I am so glad I went! It was a weekend of connecting on all different levels. There were women there with kids and no kids, divorced, single and newly separated, newlyweds and married for nearly 20 years, professional working women and stay at home moms from cities and suburbs.
We shared drinks, food, opinions, music, dancing and our stories. Everyone had a story at some point throughout the four days. I shared about my past, about my kids, my family and what I want to do and see this year. Some of us have big dreams, some were content, some were unsure of what next week held for them, but everyone had someone there who related to them in some way. We shared doctor names, new workouts, diets, recipes, places to stay on vacation, books, yoga, massages and some of us shed a few (much needed) tears.

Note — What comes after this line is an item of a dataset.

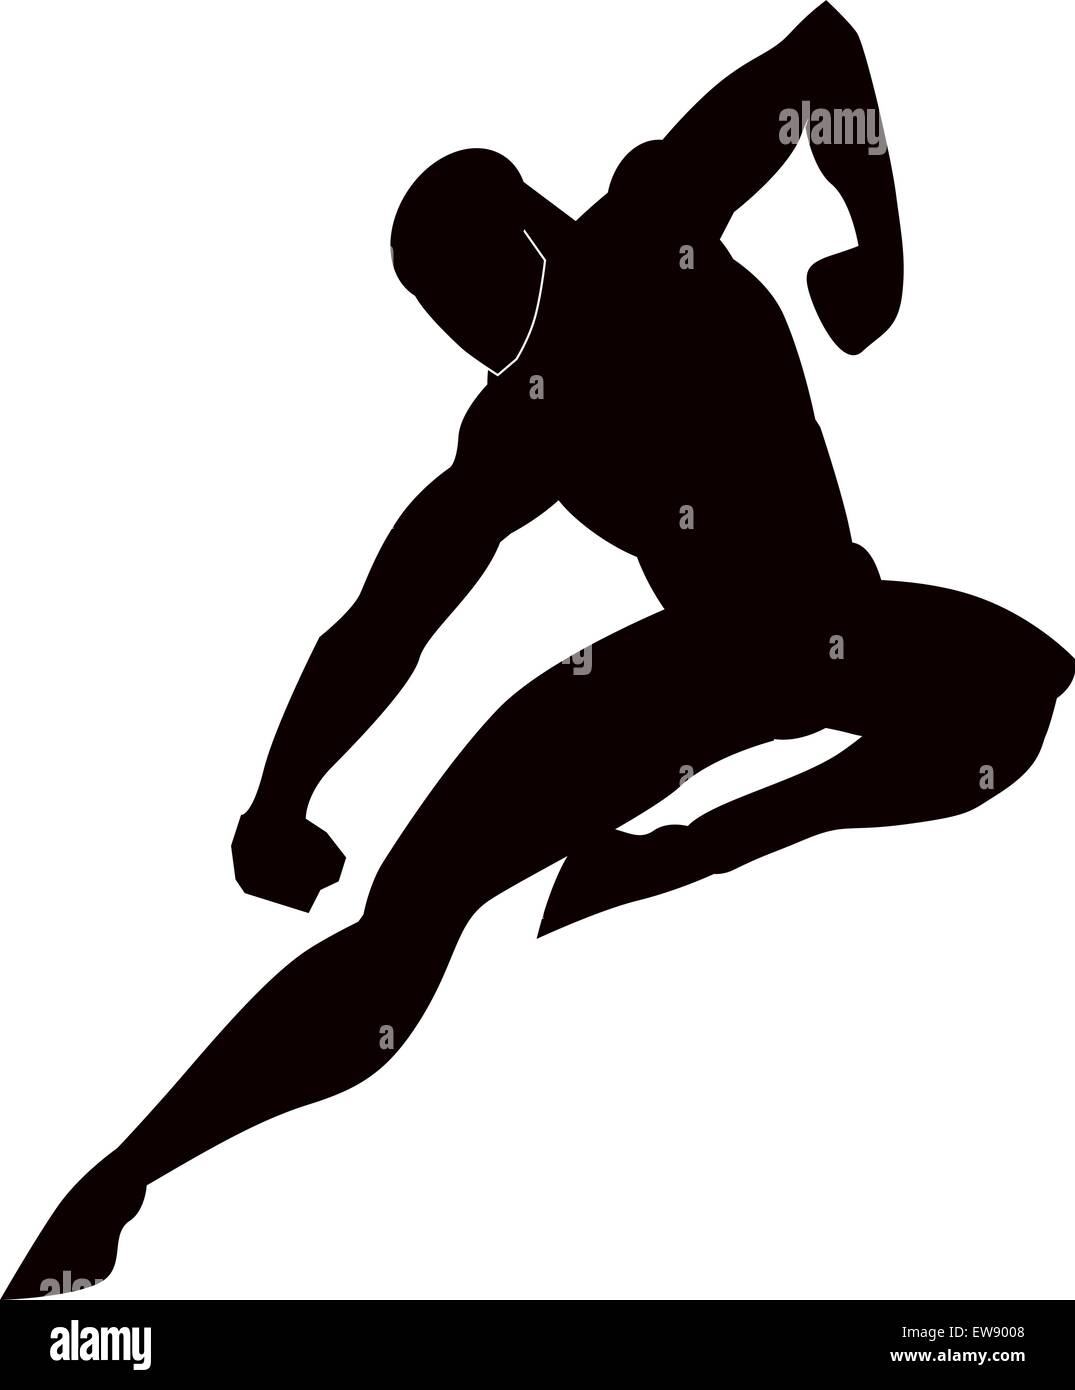 Martial Arts, Black Silhouette of a Man, Punching and Kicking, vector illustration Stock Vector

As I write this on the plane ride home, my heart is full. I just ate and drank whatever I wanted for four days. I had no responsibilities, I finished Girl, Wash Your Face, I started a new Netflix series and I just made some real connections. I am already wondering when we will all get together again. I feel connected to these women, I want to hear about their travels and stories. I want to know that their kids are alright, I want to share my stories and struggles, I want to do this more often.
It has been a couple of years since I went away for a girl’s weekend. I don’t want to go that long again. Whether it’s with my personal close friends or a group of women that I don’t fully know yet I am reminded how much I need girlfriends. I need them today as much or even more than I did when I was actually a girl.